英国を代表するファッションブランドのひとつであるバーバリー(1856年創業)の凋落が著しい。三陽商会(1943年創業)が2015年に同社とのライセンス契約を終焉させて以降、日本での売り上げもかつての勢いが陰ってきていたが、欧米や特に中国での営業展開も難儀していた模様で、ついに英国株式市場の主要株価指数対象銘柄(FTSE100、注後記)から脱落することになっている。
9月5日付米
『CNNニュース』、
『ブルームバーグ』オンラインニュース、英国
『ジ・インディペンデント』紙は、英国を代表するファッションブランドのひとつであったバーバリーが、英国主要株価指数から脱落することになったと報じている。

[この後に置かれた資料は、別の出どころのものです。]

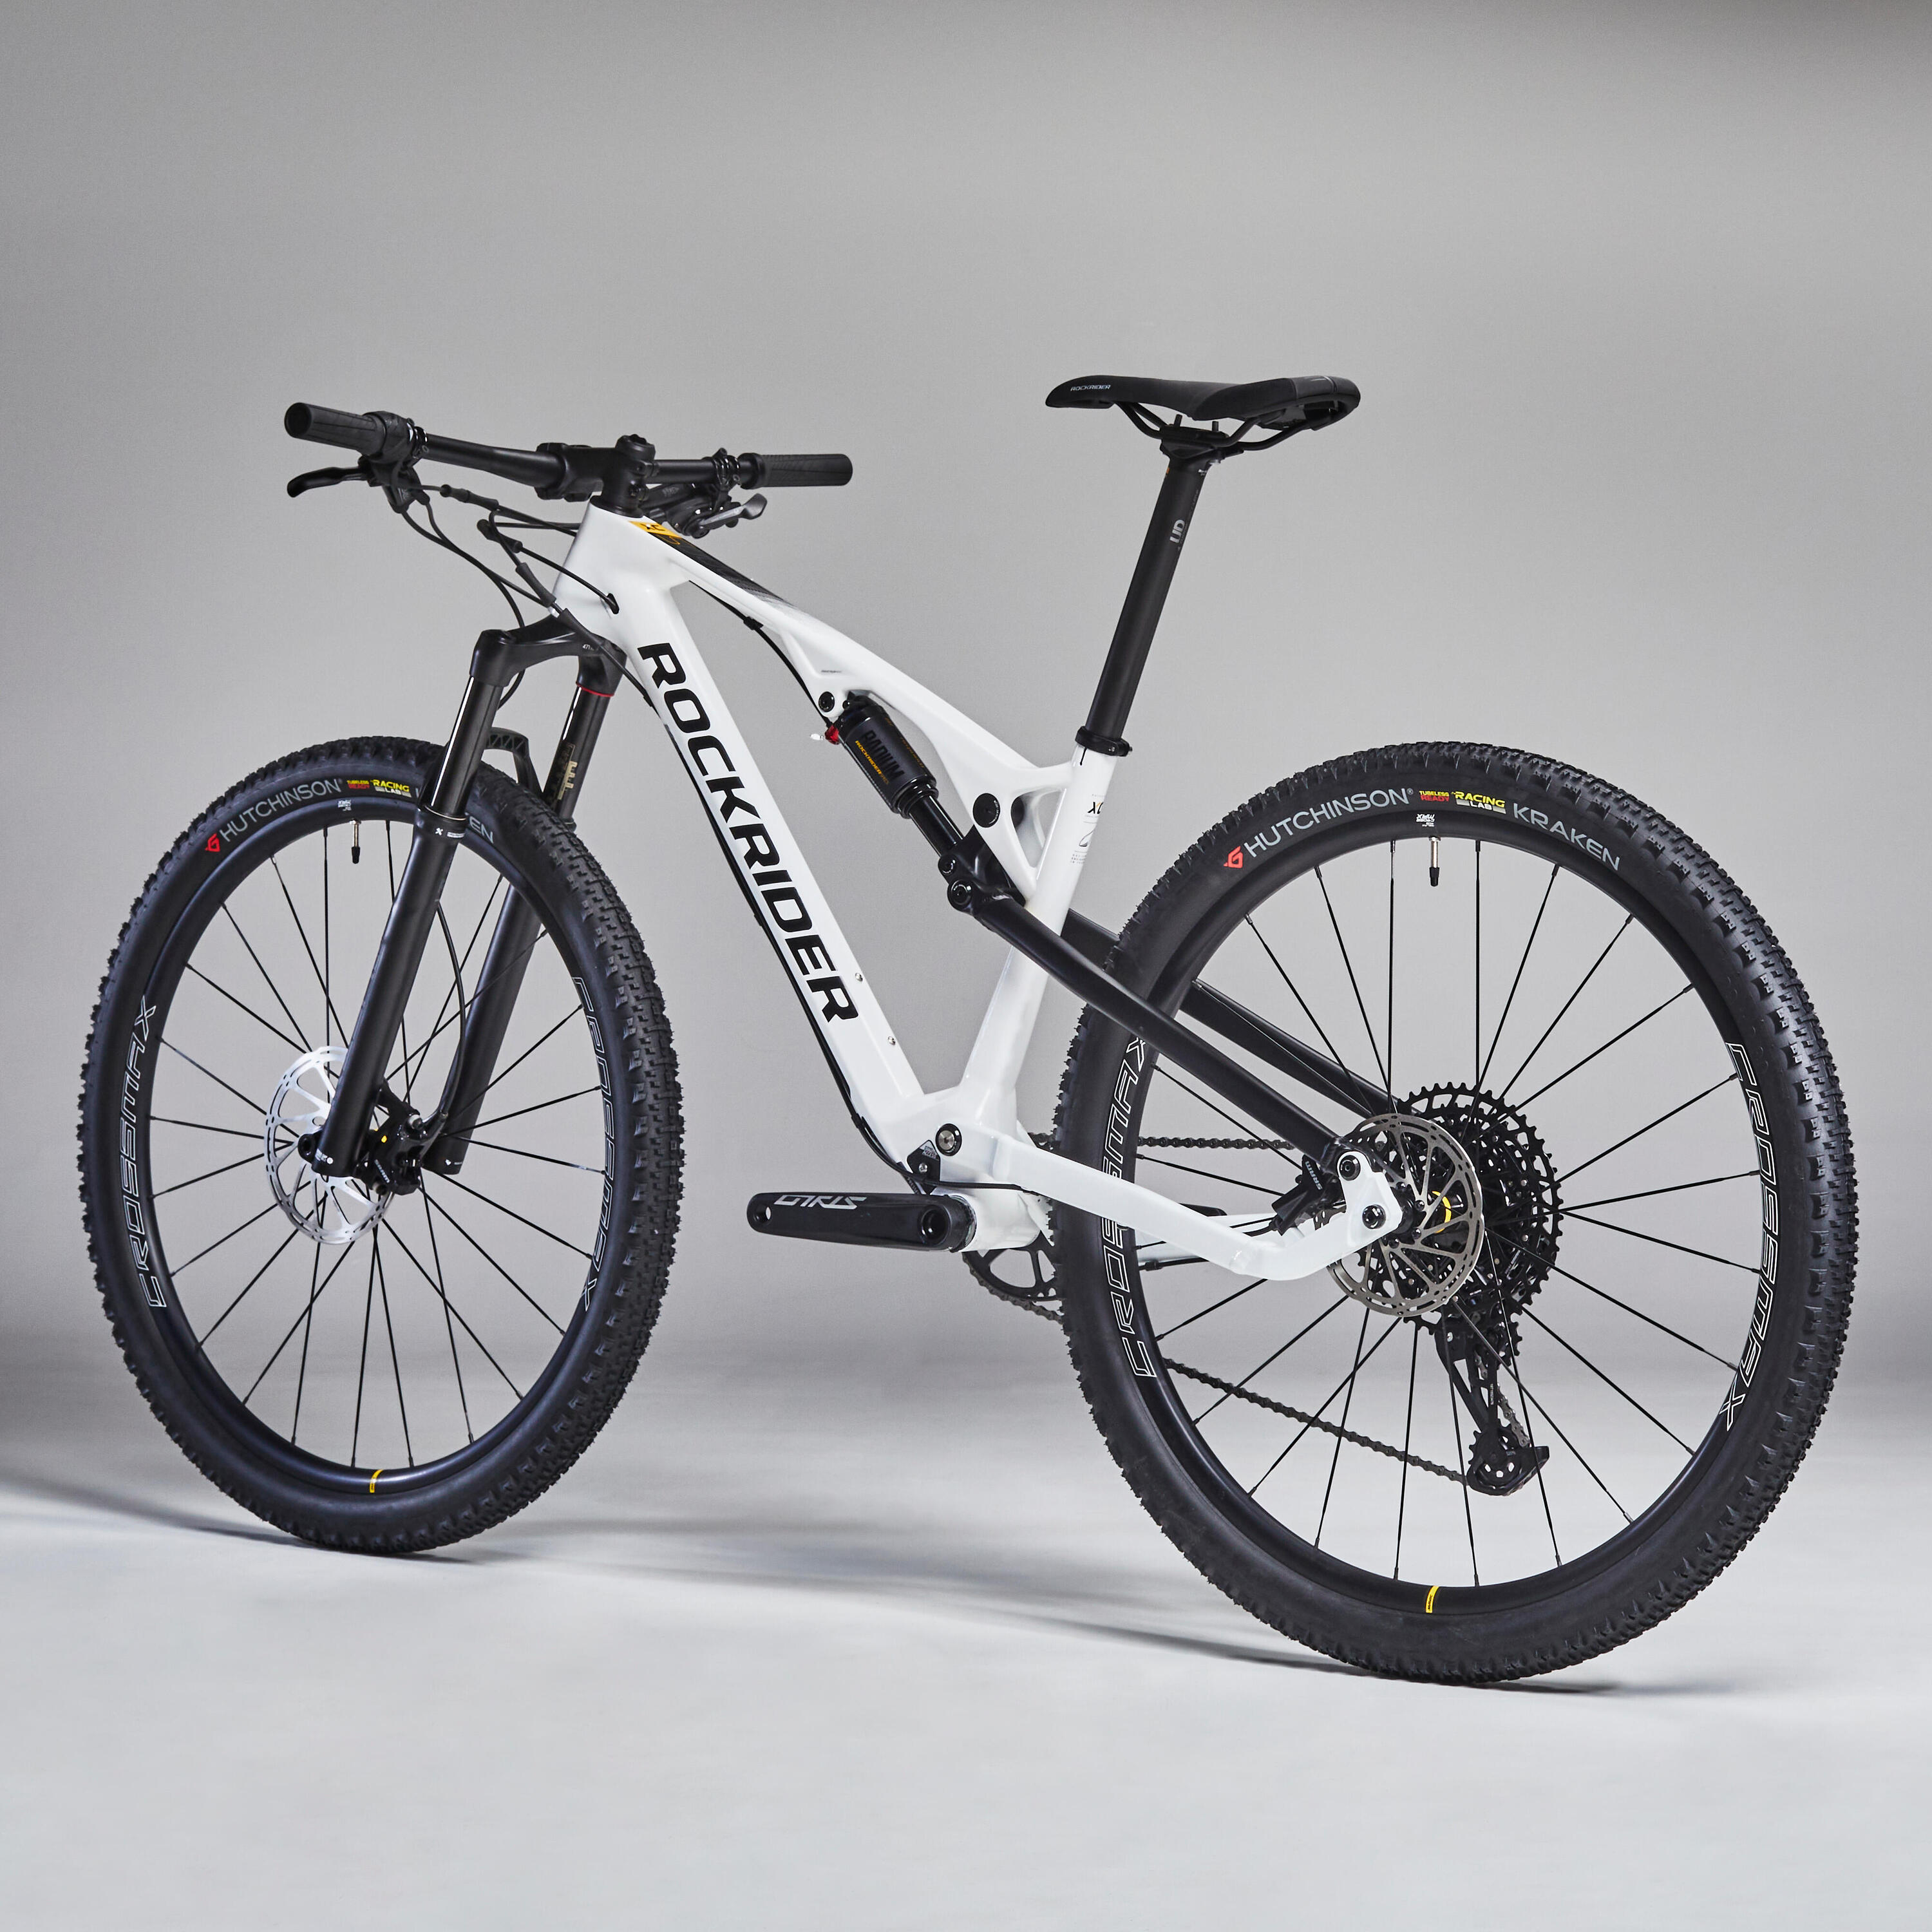 29 inch Full Suspension Carbon Mountain Bike rockrider XC 900 - white 3/13

ロンドン証券取引所(LSE、1801年設立)は9月4日、15年間の長期にわたりFTSE100の対象銘柄となっていたバーバリーが、直近四半期の時価総額の大幅下落を受けて9月23日以降FTSE100からはずれることになると発表した。
同社の現在の時価総額は22億3千万ポンド(29億3千万ドル、約4,215億円)で、昨年末時点より▼56%も下落している。
ある経済アナリストが、バーバリーを指して、売上高及び収益において“長い連敗続き”と評したこともあって株価が大きく下がっていた。
同社の2024年3月期の収益は34%も凋落していて、直近4~6月期の売上高も20%以上下落しており、2025年3月期も厳しい業績見通しとなるとして、配当を取り止める決定を行っている。
かかる事情もあって、同社は今年7月、伊ブランドのベルサーチ(1978年設立)から引き抜いて2年前に就任させたばかりのジョナサン・アクロイド最高経営責任者(CEO)を更迭し、後任にジョシュア・シュルマン氏(米ブランドのマイケル・コース(1981年設立)やコーチ(1941年設立)のCEO歴任)を据えている。
その際、ゲリー・マーフィー同社会長(68歳、2018年就任)は、“新機軸を打ち出しながら、我が社のコア顧客にとってより身近な商品開発に最善を尽くす”とした上で、“コスト削減を含め、様々な対策を講じていることから、下半期に状況が好転することを期待している”コメントした。
バーバリーに限らず、他の世界有数の高級ブランドメーカーが、世界第2位の経済大国である中国顧客の高級品買い漁りに頼っていたが、中国がコロナ禍明け後でも景気後退に遭って中国消費者が節約志向に転じてきていることから、今後も苦戦を強いられる恐れがある。
(注)FTSE100:LSEに上場する時価総額上位100銘柄で構成され、ドイツのDAXやフランスのCAC40とともに、投資家の注目度が高い欧州の株価指数のひとつ。英国フィナンシャル・タイムズ社とLSEグループの合弁会社であるFTSEが公表。